Task to carry out: Restate word for word every line from the top of the data below down through the line that holds "Walnut armoire or".

Data extract:
········
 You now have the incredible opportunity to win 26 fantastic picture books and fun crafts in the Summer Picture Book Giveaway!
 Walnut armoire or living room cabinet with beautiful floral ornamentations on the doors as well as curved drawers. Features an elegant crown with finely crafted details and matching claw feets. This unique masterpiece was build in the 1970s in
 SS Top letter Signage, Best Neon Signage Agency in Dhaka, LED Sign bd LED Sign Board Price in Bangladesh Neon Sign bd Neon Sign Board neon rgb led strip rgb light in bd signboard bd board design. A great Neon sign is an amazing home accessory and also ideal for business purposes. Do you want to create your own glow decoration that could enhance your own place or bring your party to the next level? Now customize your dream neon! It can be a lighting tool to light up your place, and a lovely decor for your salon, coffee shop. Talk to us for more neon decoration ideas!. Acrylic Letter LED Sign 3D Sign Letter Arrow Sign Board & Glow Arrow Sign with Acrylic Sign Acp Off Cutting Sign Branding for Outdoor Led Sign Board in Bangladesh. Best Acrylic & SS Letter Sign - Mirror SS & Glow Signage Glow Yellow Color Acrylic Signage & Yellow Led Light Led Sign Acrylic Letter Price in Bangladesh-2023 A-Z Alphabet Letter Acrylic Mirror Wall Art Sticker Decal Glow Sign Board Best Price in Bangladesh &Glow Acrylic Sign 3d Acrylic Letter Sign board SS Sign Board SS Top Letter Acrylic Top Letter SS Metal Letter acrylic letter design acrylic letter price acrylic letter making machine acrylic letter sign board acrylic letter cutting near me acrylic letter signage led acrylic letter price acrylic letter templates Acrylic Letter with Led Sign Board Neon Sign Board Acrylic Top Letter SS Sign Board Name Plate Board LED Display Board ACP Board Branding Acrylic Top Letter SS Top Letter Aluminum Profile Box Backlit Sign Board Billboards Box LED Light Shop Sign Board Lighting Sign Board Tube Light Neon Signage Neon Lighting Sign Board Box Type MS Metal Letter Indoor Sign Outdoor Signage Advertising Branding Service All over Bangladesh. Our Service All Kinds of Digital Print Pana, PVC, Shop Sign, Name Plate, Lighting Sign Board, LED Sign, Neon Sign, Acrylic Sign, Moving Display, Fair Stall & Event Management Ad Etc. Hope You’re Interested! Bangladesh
········
Solution to the exercise:
 You now have the incredible opportunity to win 26 fantastic picture books and fun crafts in the Summer Picture Book Giveaway!
 Walnut armoire or living room cabinet with beautiful floral ornamentations on the doors as well as curved drawers. Features an elegant crown with finely crafted details and matching claw feets. This unique masterpiece was build in the 1970s in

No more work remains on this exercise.